EXERCISE - Starting at the line that contains "Образовательная выставка российских" and stopping at the line that contains "Schönheit in der", restate each line of the records below exactly. Omit the pictures.

DATA TO PROCESS -
===============

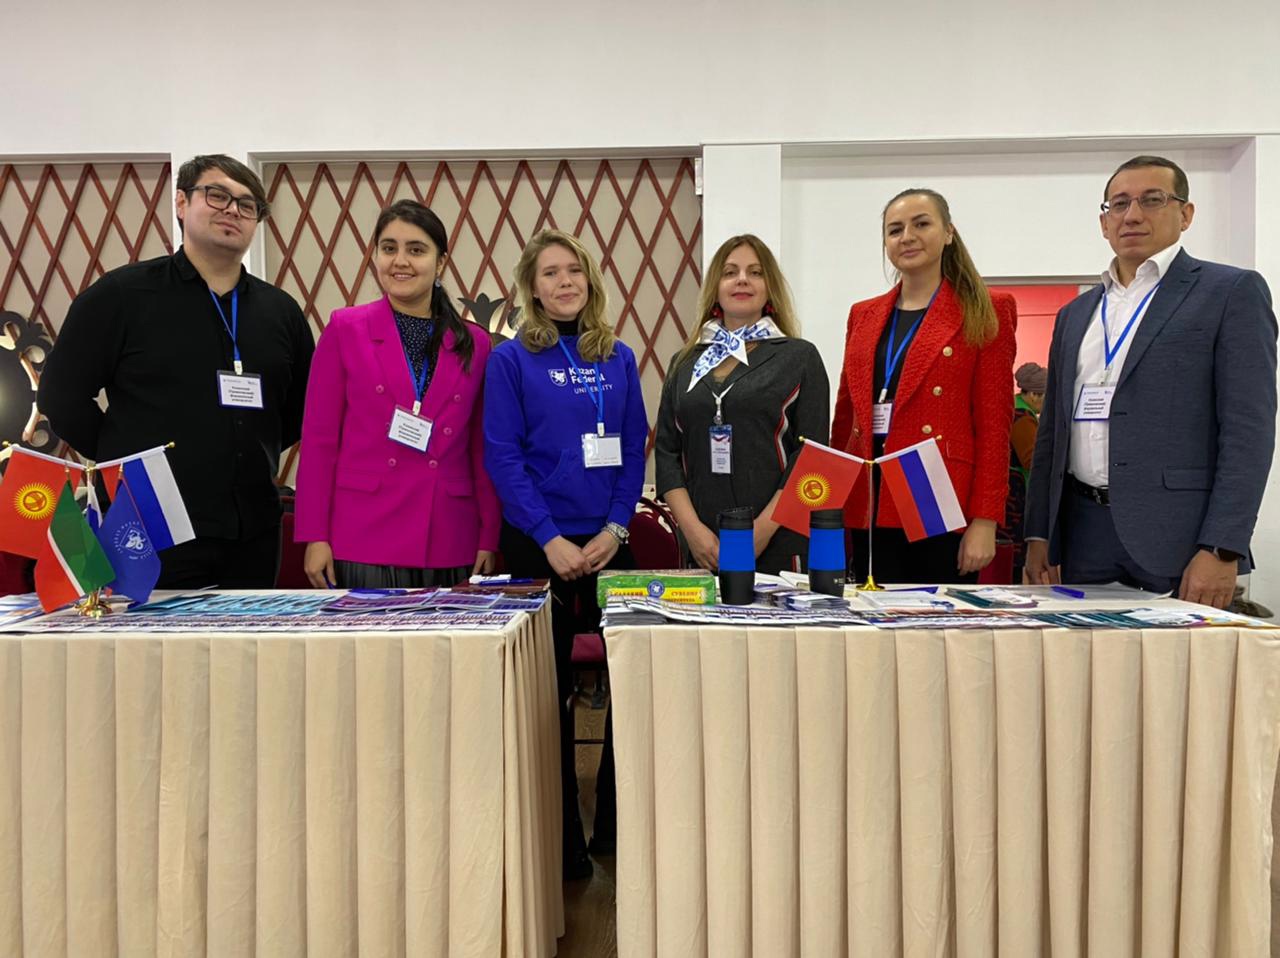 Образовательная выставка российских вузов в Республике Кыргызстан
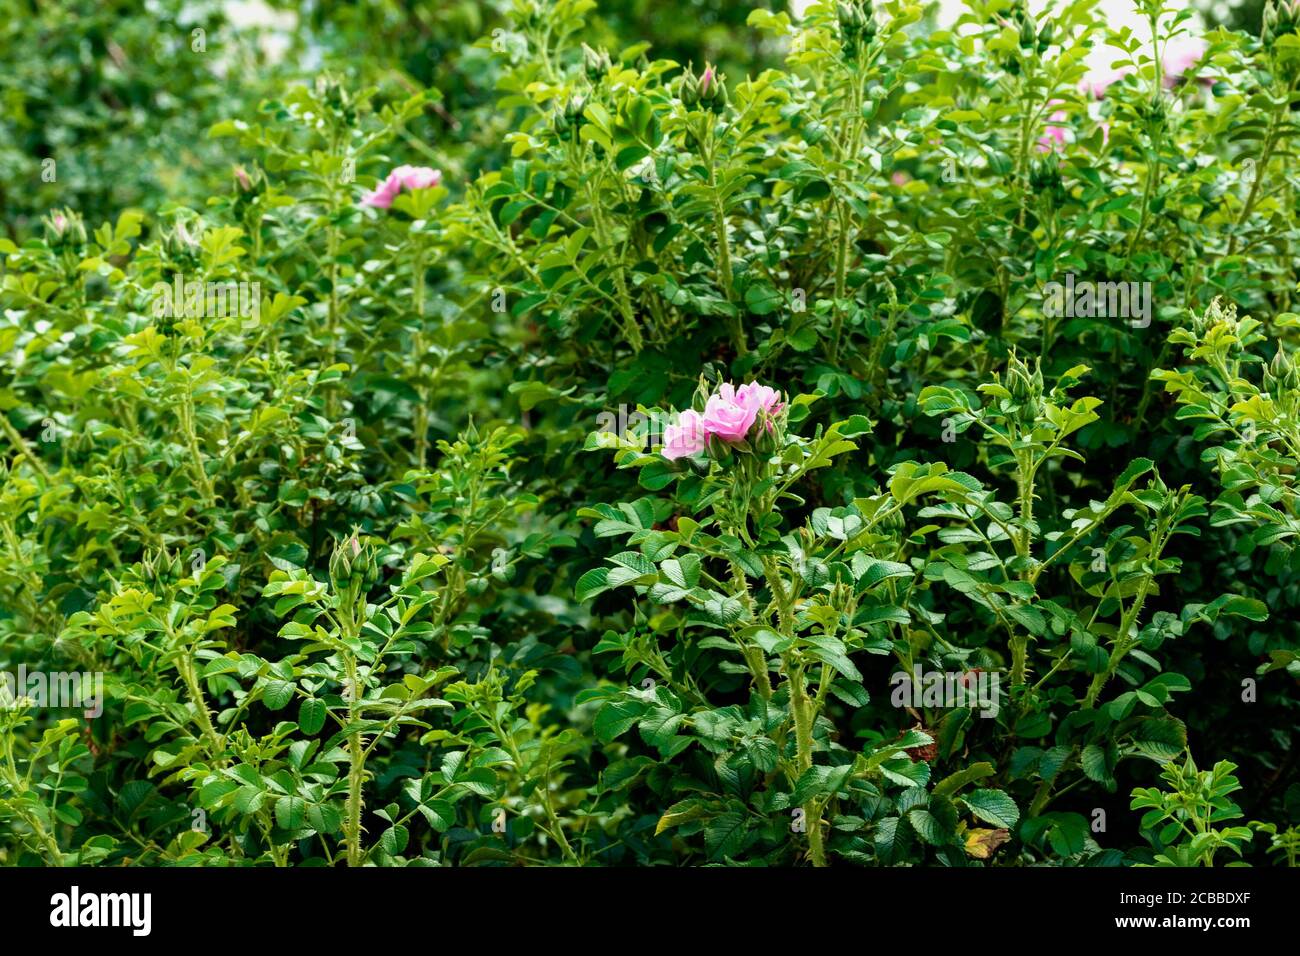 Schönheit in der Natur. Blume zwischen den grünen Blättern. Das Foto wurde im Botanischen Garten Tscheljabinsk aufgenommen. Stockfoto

===============

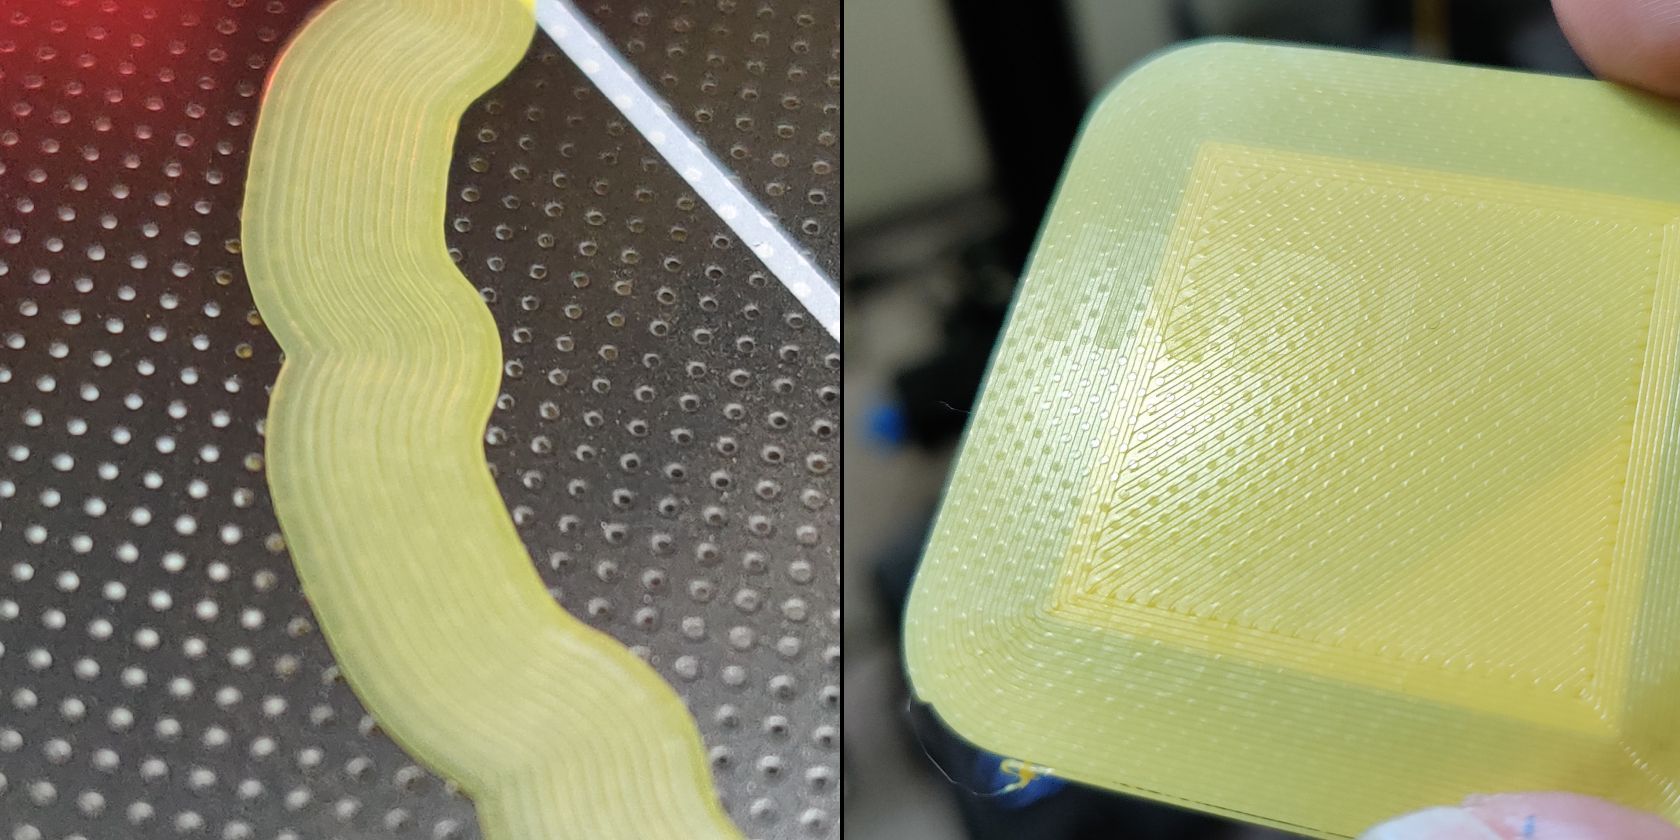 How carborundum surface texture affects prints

===============

RESPONSE -
 Образовательная выставка российских вузов в Республике Кыргызстан
 Schönheit in der Natur. Blume zwischen den grünen Blättern. Das Foto wurde im Botanischen Garten Tscheljabinsk aufgenommen. Stockfoto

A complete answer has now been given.